TO DO: Any pictures in the records below must be left out when you repeat the lines from the line containing "VIRTUAL TICKET: Book Festival Schools' Day" through the line containing "Sana Jardin +" exactly.
--- AVAILABLE DATA ---
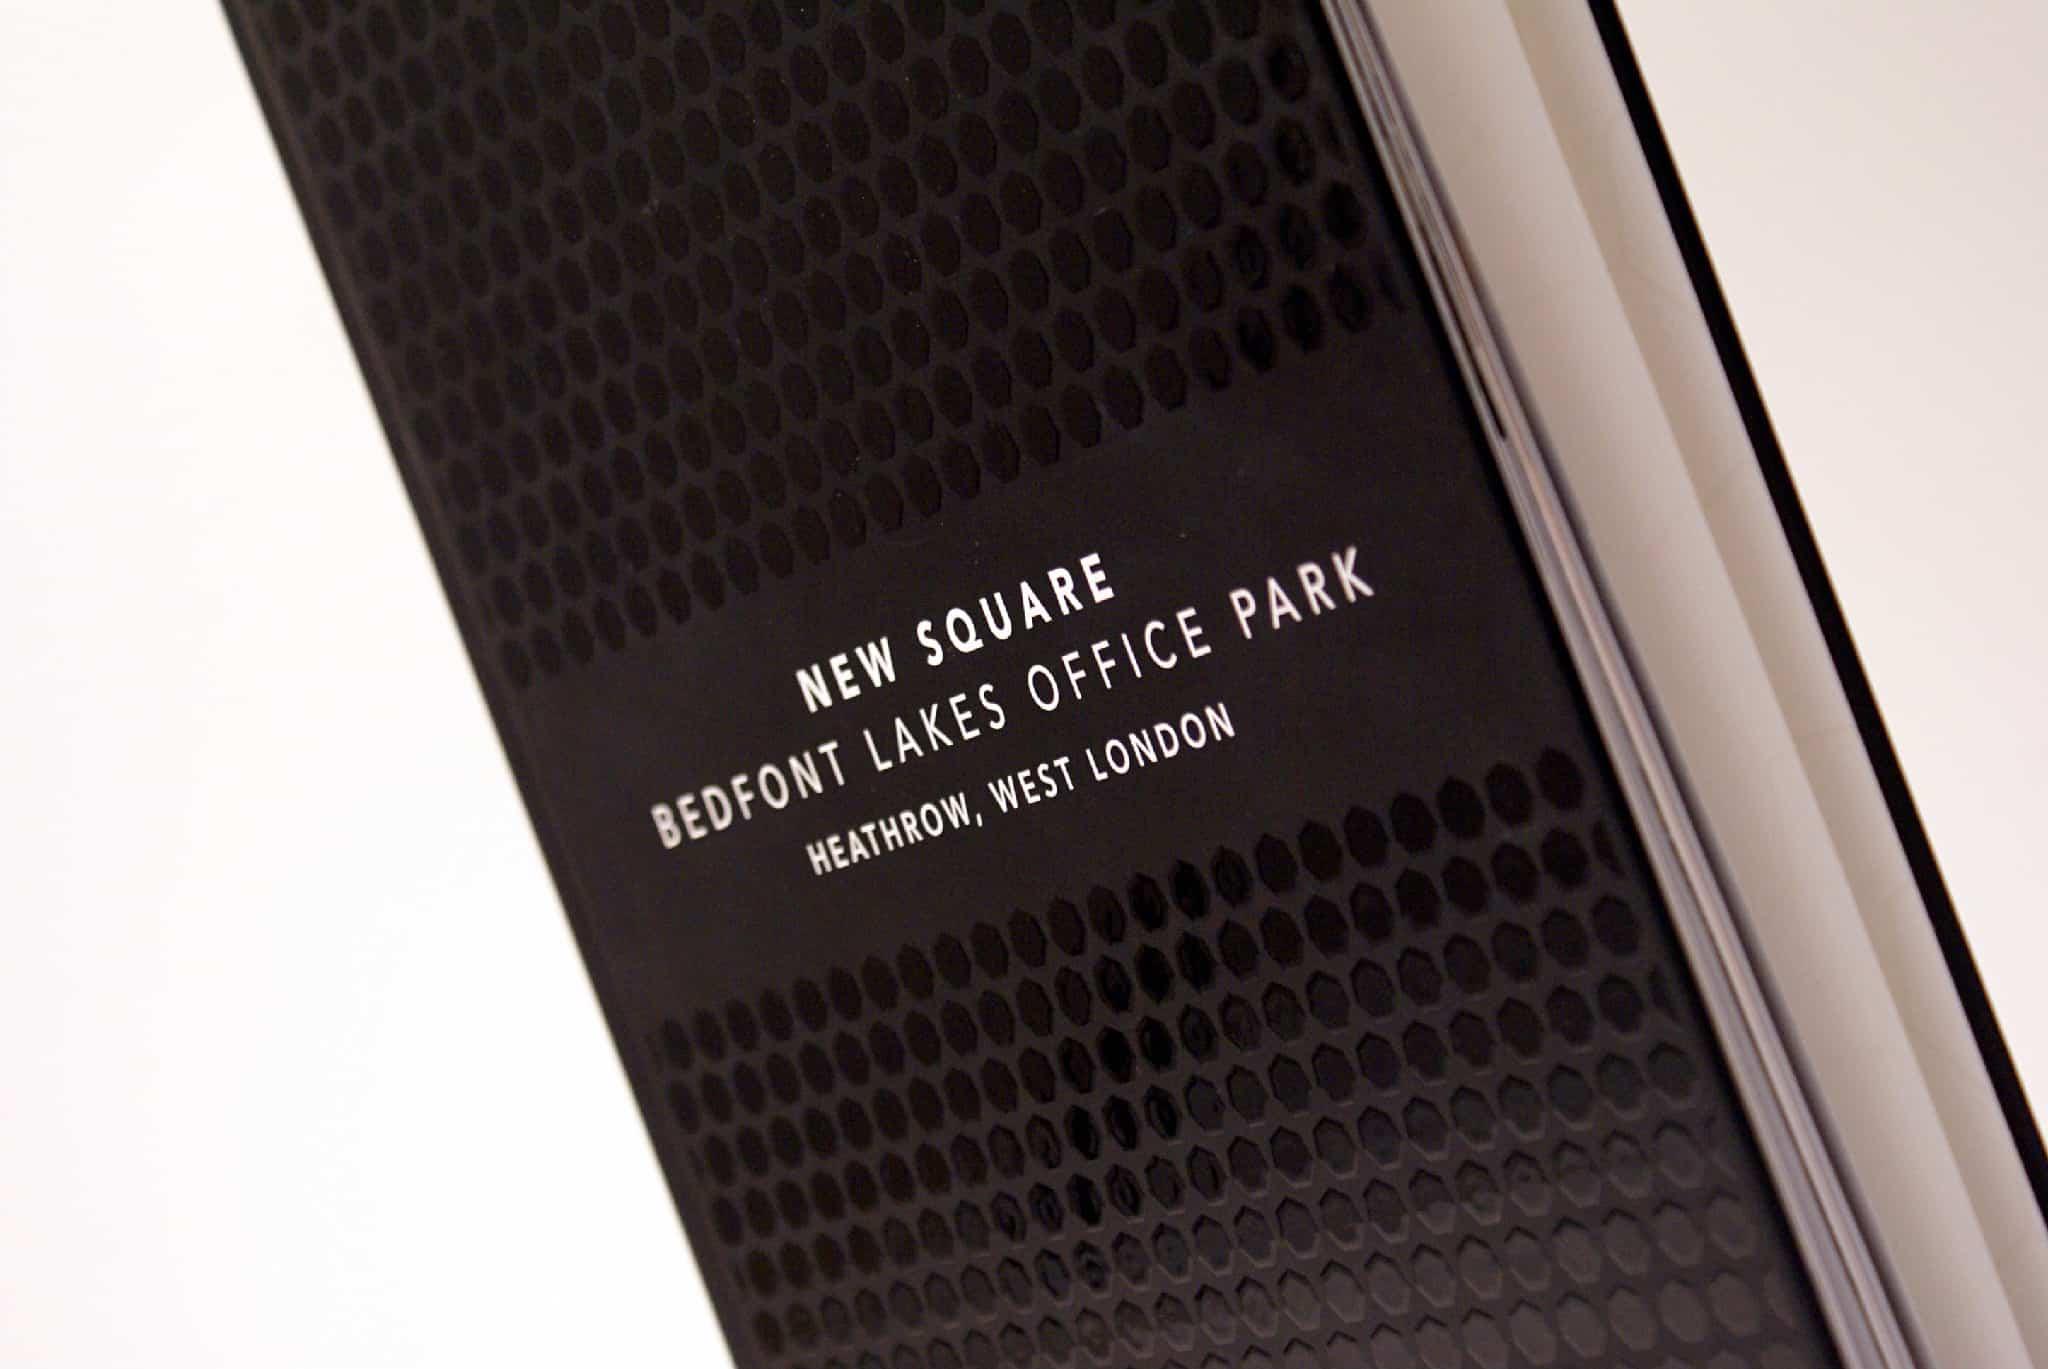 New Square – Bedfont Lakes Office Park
---
--- AVAILABLE DATA ---
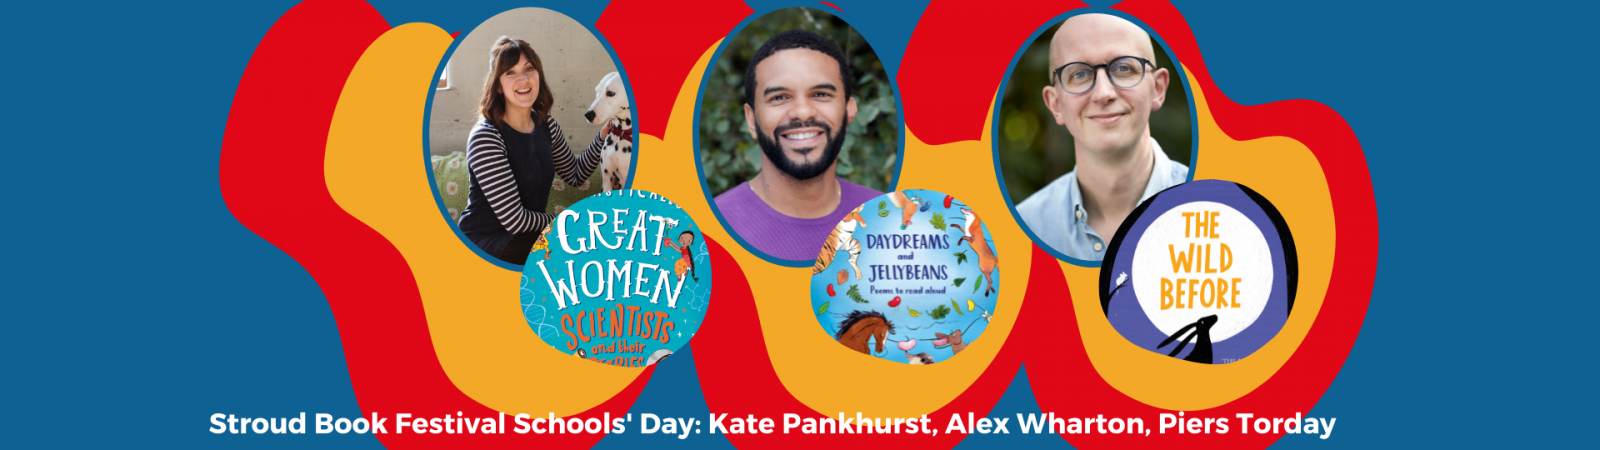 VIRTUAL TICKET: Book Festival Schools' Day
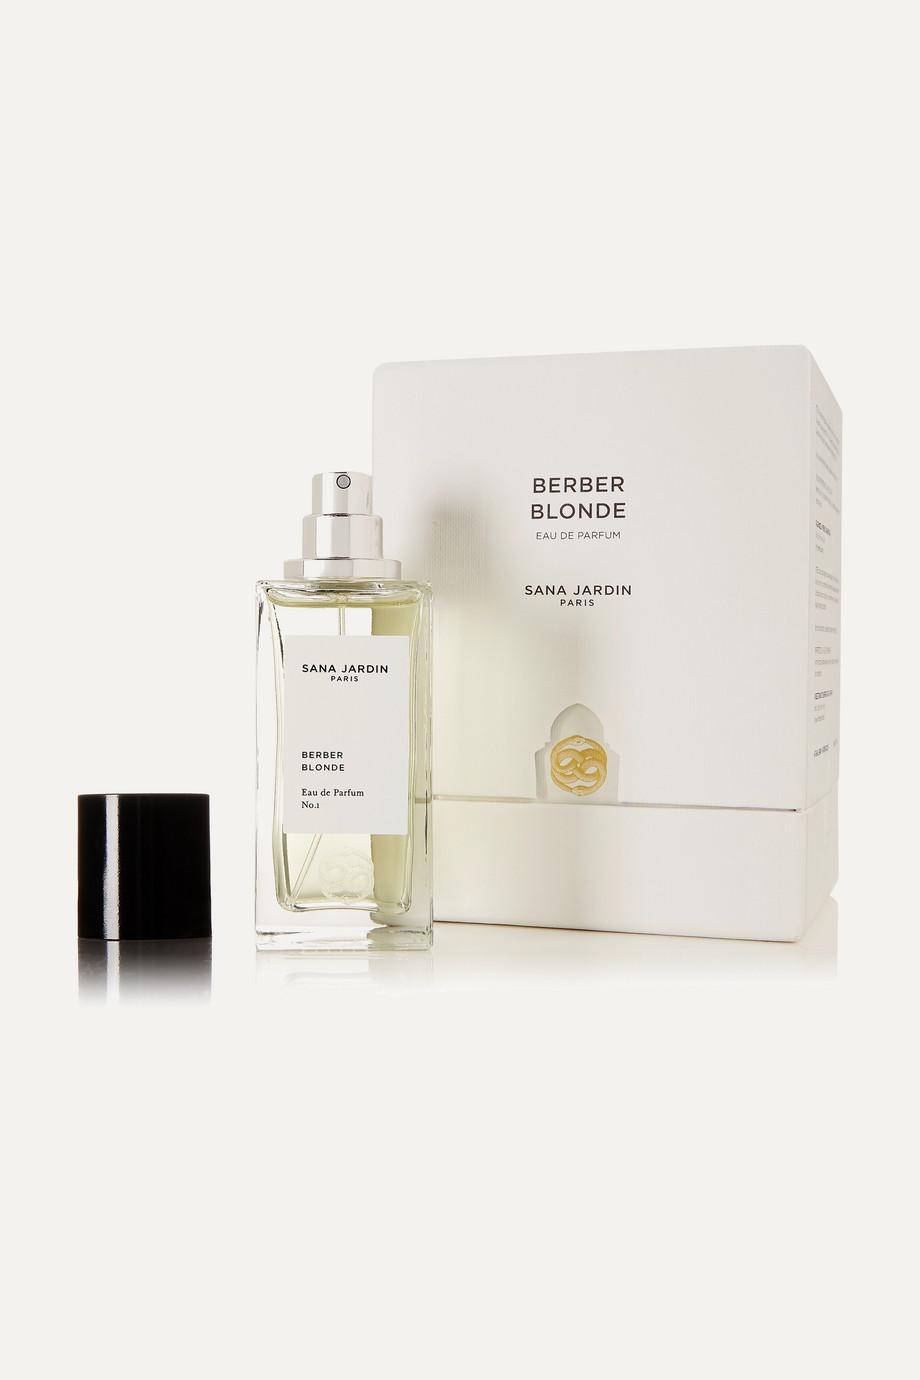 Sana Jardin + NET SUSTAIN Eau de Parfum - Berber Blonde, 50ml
---
ANSWER BOX:
 VIRTUAL TICKET: Book Festival Schools' Day
 Sana Jardin + NET SUSTAIN Eau de Parfum - Berber Blonde, 50ml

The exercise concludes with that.